The rotational nature of astrophysical plasmas has been taken into account in its development [12] , an issue that is reiterated and studied in fusion reactor plasmas. Accordingly, the idea is to have a model constituted by a continuous process, which is what is required for its industrial development. Current developments in our knowledge concerning the magnetic confinement of plasma for fusion defines a toroidal design of magnetic field force lines, which in successive toroidal transits travel over a surface topologically equivalent, in geometrical terms, to a torus, as is shown in Figure 3. Indeed, this is the basis of the JET Tokamak design and that of later reactors.
Figure 3. Gyrokinetic particle simulation.
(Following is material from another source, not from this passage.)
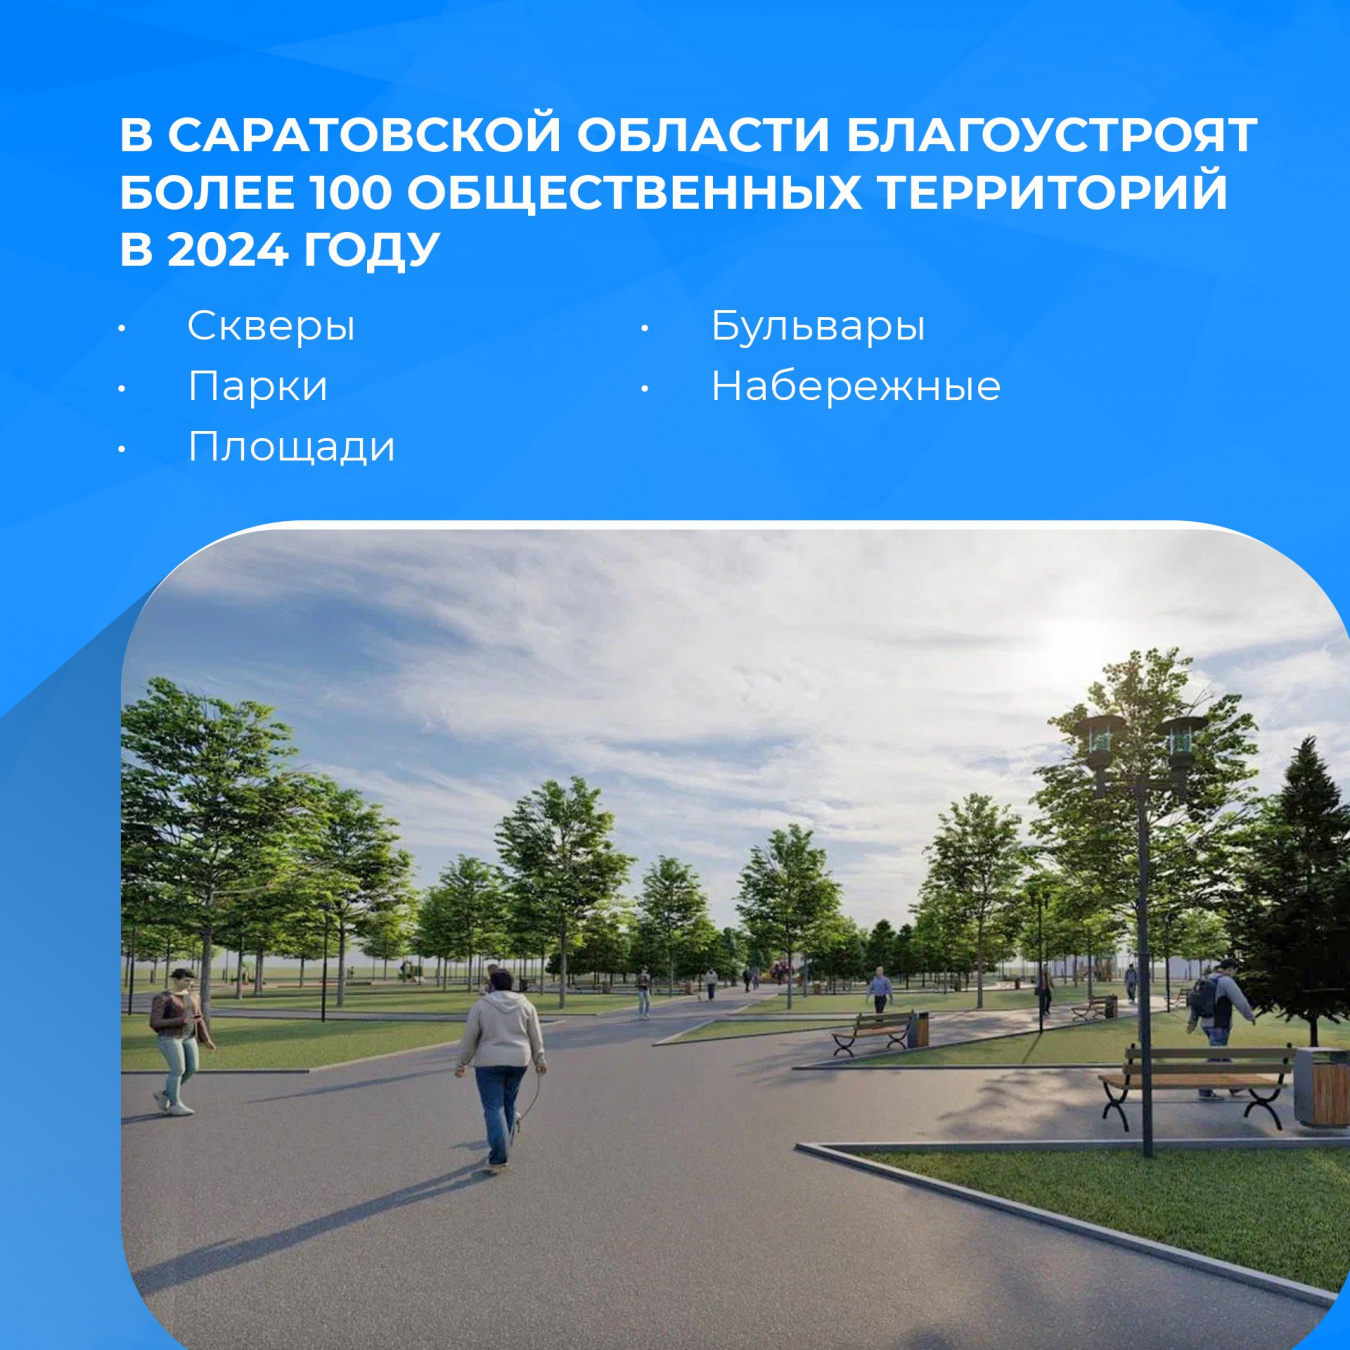 Владимир Путин сообщил о продлении конкурса лучших проектов городской среды до 2030 года

Implementation of Mixed-Mode Parallelism© Princeton plasma physics laboratory. http://w3.pppl.gov/theory/proj_gksim.html
Notwithstanding, it has been confirmed that circulation in the experimental reactors is more turbulent than that which is supposed in stellar dynamic systems and, as we have pointed out above, this reduction of fluid uniformity can cause undesired losses in the system’s power of confinement, or even, the possible cavitation of the physical container.
The speed of the plasma is an important physical field in the study of current laboratory systems, and particularly, in the improvement of its material isolation. The rotation profile can exercise considerable influence in the confinement time of the magnetically confined fluid. Profiles with a sharp radial velocity variation can cause a reduction of the turbulent transport and, therefore, could lead to improved confinement.
The study of plasma microturbulence caused by the electromagnetic interactions of its particles is one of the current goals in an attempt to improve the performance of these reactors. Understanding this microturbulence in plasma would enable its control and thus have a direct favourable impact on the building of more efficient fusion reactors.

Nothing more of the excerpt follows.